Constructing a Bitcoin transaction, and getting the network to accept it, costs virtually no energy whatsoever. What costs energy is grinding through the nonce space to find valid blocks. Miners do this because they are compensated primarily with the coinbase reward of 6.25 BTC per block, which is defined in the protocol. Currently, miners collect about 15 percent of their total revenue of $40m per day in fees. But it’s important to decompose transaction fees and general revenue from creating blocks. Miners collect that coinbase reward regardless of whether they include transactions in blocks. On occasion, they mine empty blocks and collect that 6.25 per-block reward regardless.
The individual payments made when you swipe your card are several layers removed from the final flows of funds between banks.

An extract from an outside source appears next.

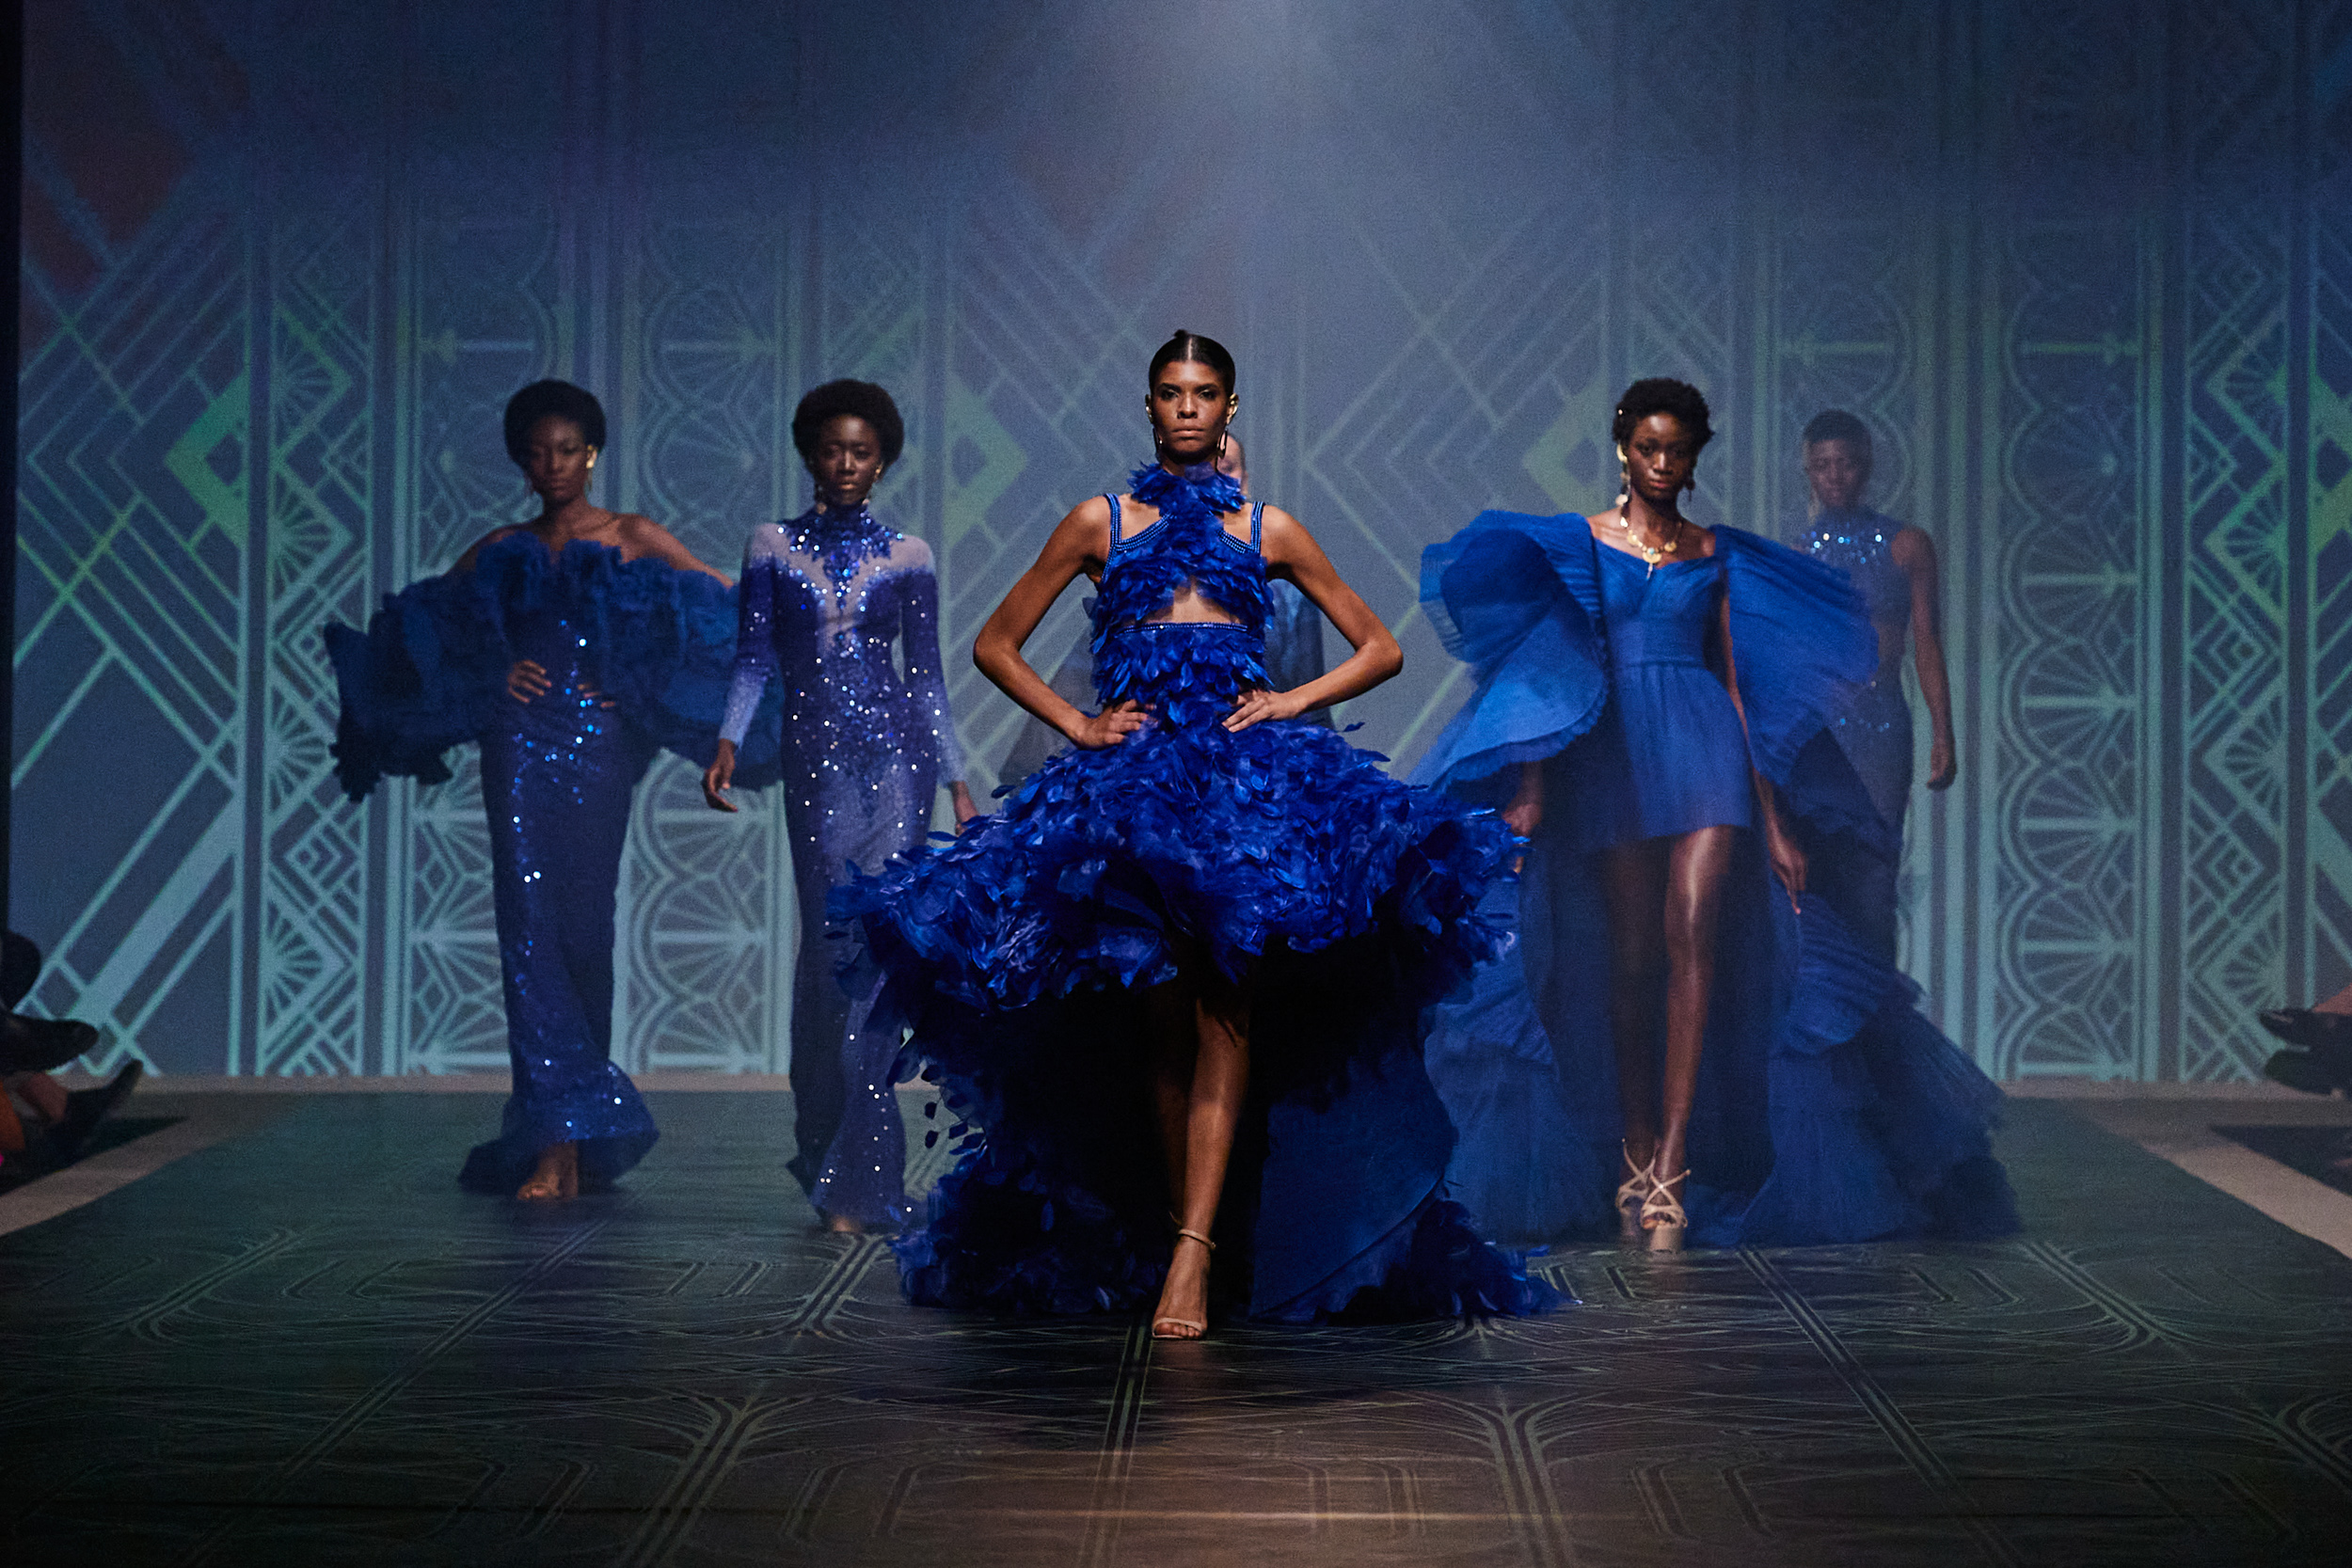 Michael Cinco Fall 2022 Couture Fashion Show 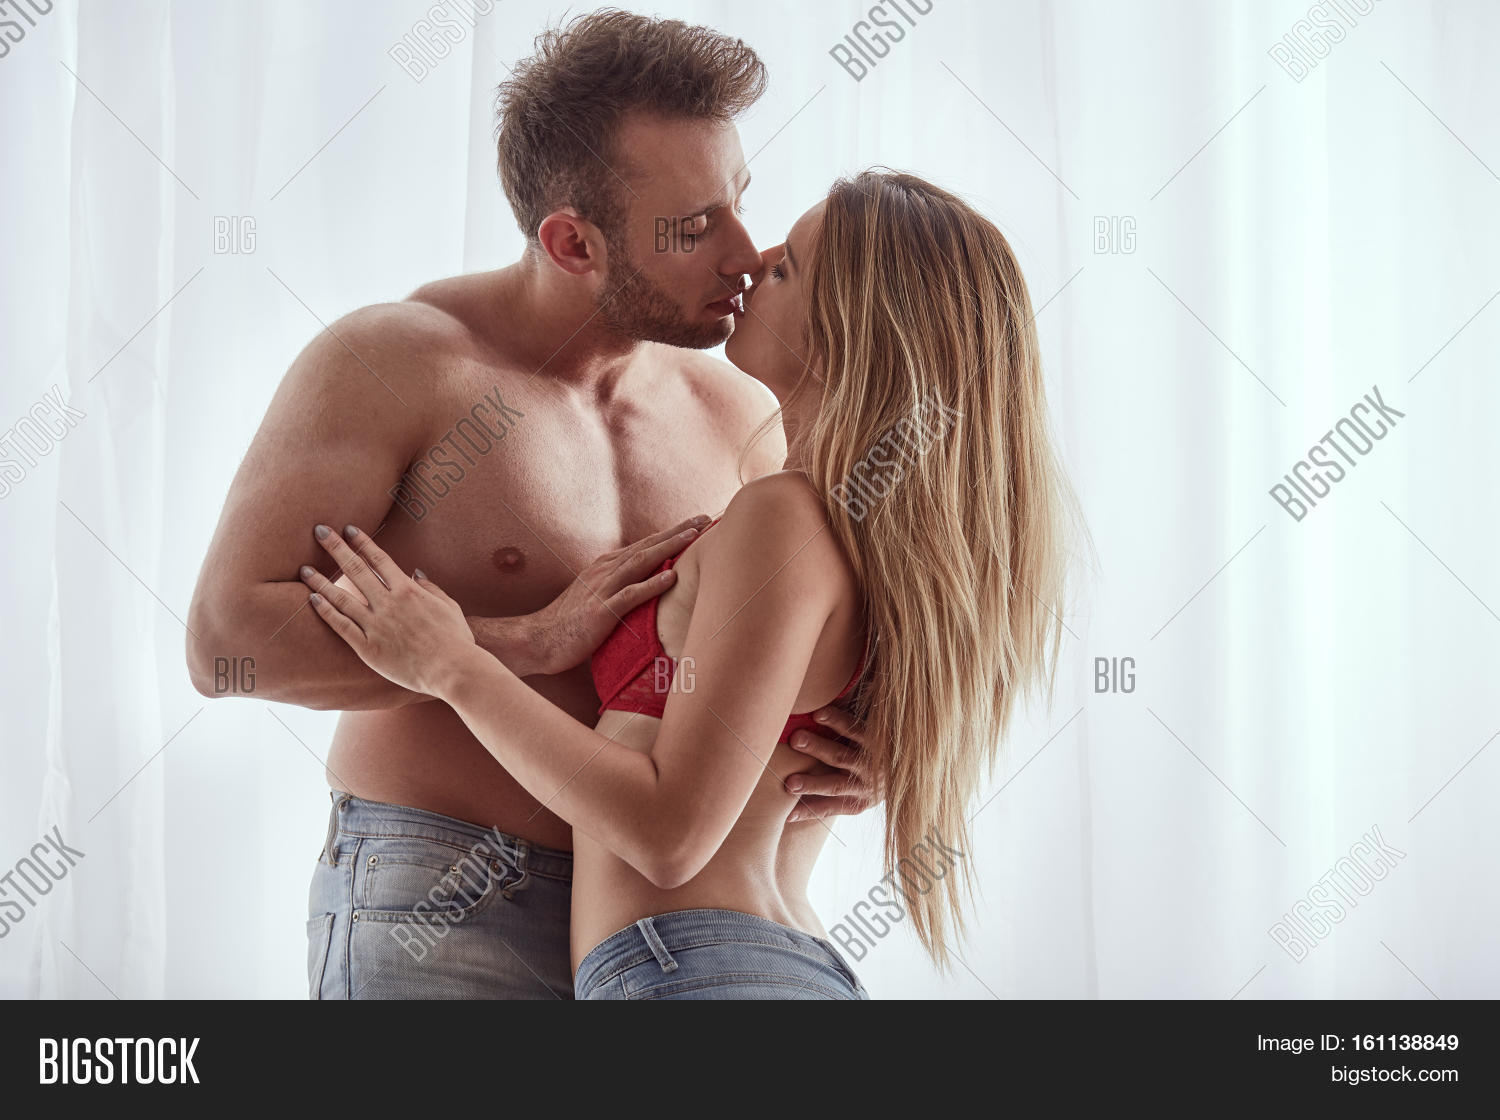 bonaga bonar add photo sexy women kissing men

The quantity of resources that miners are willing to spend on mining is purely a function of three variables: the price of bitcoin, the issuance rate, and the fees transactors are paying to use the chain. Of those three, the first two matter most. As mentioned, fees are not a major source of revenue today. The system is naturally equilibrating: if the price of bitcoin goes up, or fees dramatically rise, miner margins expand, inducing existing miners to increase their expenditure, or new miners to enter the market. Thus margins contract to a level where mining is just barely profitable.
As defined in the protocol, the per-block reward is cut in half every four years. This reduces bitcoin’s issuance rate and thus the miner revenue. So, in the long term, miner revenue from issuance will dramatically contract. As 88% of all coins have been mined already, mining is structurally shrinking, not a growing industry. Academic prognostications of a climate-destroying feedback loop are therefore wildly off-base. While fees are expected to compensate miners in the long term, it’s unlikely that users would stomach $1000 fees. In a purely fee-based system with $10 fees and, optimistically, 800,000 transactions per day, miner revenue would total $2.9 billion per year – far less than the current $16.4 billion in annualized miner revenue.
Thus most of the miner expenditure – and hence carbon outlay – from Bitcoin is due to largely invariant coin issuance rather than any variable that’s correlated to transactional intensity. This fact invalidates the “energy cost of transactions” metric that critics like to promote. It is issuance that largely finances miners, not transactions. And because most coins have been issued already, Bitcoin’s future carbon outlay is likely to shrink. This is to say nothing of the energy mix that miners employ – and as we know, renewables and otherwise-vented natural gas make up a meaningful component of the industry. According to the Cambridge Center for Alternative Finance, 39% of Bitcoin’s energy outlay derives from renewables, with 76% of miners using renewables in some capacity.
Therefore, comparisons to Visa and other payments systems should be met with extreme skepticism. Bitcoin is a full-stack monetary system with no outside dependencies; Visa is a small part of the U.S.-dollar stack that relies, among other things, on eleven aircraft carriers patrolling the world’s oceans and enforcing dollar hegemony. Visa payments rely on a vast interconnected infrastructure of clearing and settlement. Bitcoin transactions are natively final and settle right away – they are more comparable to wire transfers. The energy exchange rate comparisons must take these differences into account.